Еще один водораздел – социально-возрастной. Многие как аскриптивные, так и реальные (поведенческие) свойства традиционной маскулинности, в частности агрессивность и сексуальность, подразумевают в первую очередь подростков и молодых мужчин. В антропологической литературе существует даже понятие «синдром молодого самца» (Wilson, Daly, 1993), свойства которого более или менее одинаковы у многих видов животных и предположительно связаны с повышенной секрецией тестостерона. Сходства в поведении самцов приматов и молодых мужчин подробно описывались этологами. У животных самец и в старости должен оставаться агрессивным, чтобы защищать свои права. У людей длительная родительская и семейная опека, а также правовой порядок делают это не столь необходимым, хотя выработанные в юности привычки и высокая репутация помогают мужчинам и позже.

Молодые мужчины представляют собой особую социально-демографическую группу, которая по своим свойствам – и физическим (мускулы, сила, гормоны), и поведенческим (стадность, высокая соревновательность), и психологическим (любовь к риску, отсутствие заботы о личной безопасности, пренебрежение к собственной жизни, желание выделиться, склонность к девиантности) – отличается как от женщин, так и от старших мужчин. Выраженность этих черт зависит больше всего от возраста, но также и от социального статуса (женатые мужчины меньше склонны к риску и авантюрам, у них другой стиль жизни). Однако усвоенные в юности стереотипы и идеализированные образы маскулинности сохраняются в сознании многих взрослых мужчин и независимо от реального образа жизни вызывают ностальгию и нередко симулируются, на чем искусно играют средства массовой информации, поп-арт и имидж-мейкеры.

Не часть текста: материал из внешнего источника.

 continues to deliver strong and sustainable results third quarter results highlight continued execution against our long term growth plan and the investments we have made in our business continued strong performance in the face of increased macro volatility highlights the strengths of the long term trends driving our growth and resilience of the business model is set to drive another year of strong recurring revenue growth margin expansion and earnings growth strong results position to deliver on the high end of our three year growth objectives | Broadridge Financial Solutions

Наконец, существуют индивидуальные типологические различия. Хотя образы и нормы маскулинности создаются и поддерживаются культурой, разные типы маскулинности импонируют разным типам мужчин (и женщин) и имеют свои психофизиологические, конституциональные основы.

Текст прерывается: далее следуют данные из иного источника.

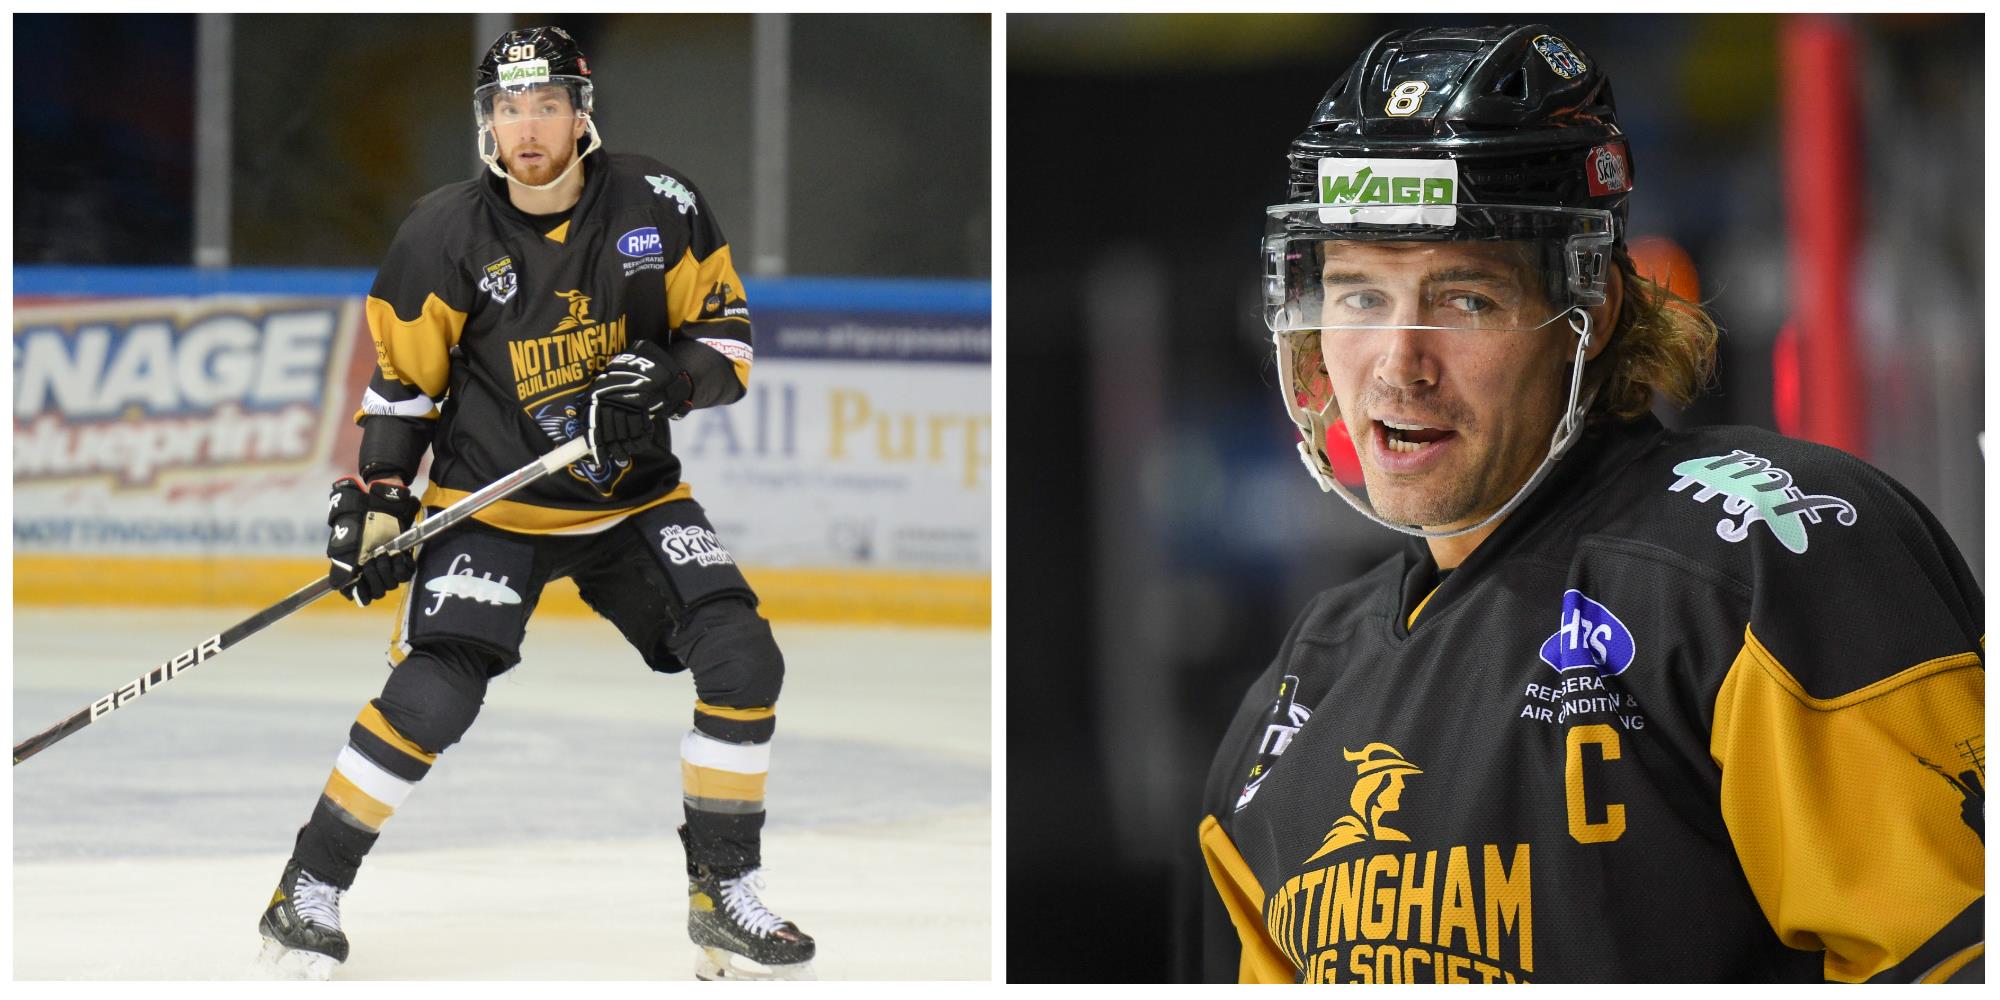 HAMMOND AND MYERS NAMED IN GB SQUAD Top Image

Классический образ мачо создан по образу и подобию могучего доминантного альфа-самца, в настоящее время его придерживаются от 10 до 20% мужчин. Хотя в современном обществе этот канон стал отчасти дисфункциональным и приносит больше неприятностей, чем выгод, его носители продолжают считать себя единственными «настоящими» мужчинами, сопротивляются происходящим переменам, создают собственные закрытые сообщества и находят такие сферы жизни, где эти качества можно проявлять безнаказанно, получая за это одобрение (война, силовые виды спорта) и т. д. Поскольку эти свойства филогенетически самые древние и на них жестко ориентирована любая мальчишеская и юношеская субкультура, их поддерживают и им завидуют и многие мужчины, не принадлежащие к этому типу. Носителями, защитниками и идеологами «новой маскулинности» становятся, как правило, мужчины, которые по тем или иным причинам не смогли войти в этот «элитарный мужской клуб», испытывали в детстве и юности какие-то трудности с маскулинной идентификацией и нашли для себя другой, более приемлемый канон маскулинности. Разумеется, это может быть и сознательный выбор, но чаще мотивы переплетаются: личные трудности помогают осознать «неправильность» социального стереотипа.

Таким образом, как по социальным, так и по психологическим причинам существуют разные каноны маскулинности, элементы которых переплетаются в самых различных сочетаниях. Поэтому «новая» маскулинность отличается от «старой» не так сильно, как хотелось бы феминисткам.

Осознанные установки, которые легче всего улавливают вербальные тесты, меняются быстрее и полнее, чем глубинные диспозиции, от которых зависит мужское поведение. Многие традиционные константы мужского самоутверждения и самооценки не исчезают, а, скорее, смягчаются и видоизменяются. Существует несколько таких констант.

Общая модель мужского поведения и мотивации по-прежнему предполагает проекцию вовне, желание стать чем-то, потребность в достижении и инструментальный, в противоположность экспрессивному, стиль жизни. Конкретное содержание этой потребности – чем именно мужчина хочет стать, чего и как он хочет достичь – может меняться, но базовый тип мотивации остается тем же самым. Отмечаемое психологами уменьшение разницы в этом отношении между современными мужчинами и женщинами обеспечивается изменением не столько мужской, сколько женской психики, повышением уровня притязаний и реальных достижений женщин как в семейно-бытовых, так и в социально-производственных отношениях. Похоже на то, что разница между мужчинами и женщинами уменьшается за счет изменения не столько мужчин, сколько женщин.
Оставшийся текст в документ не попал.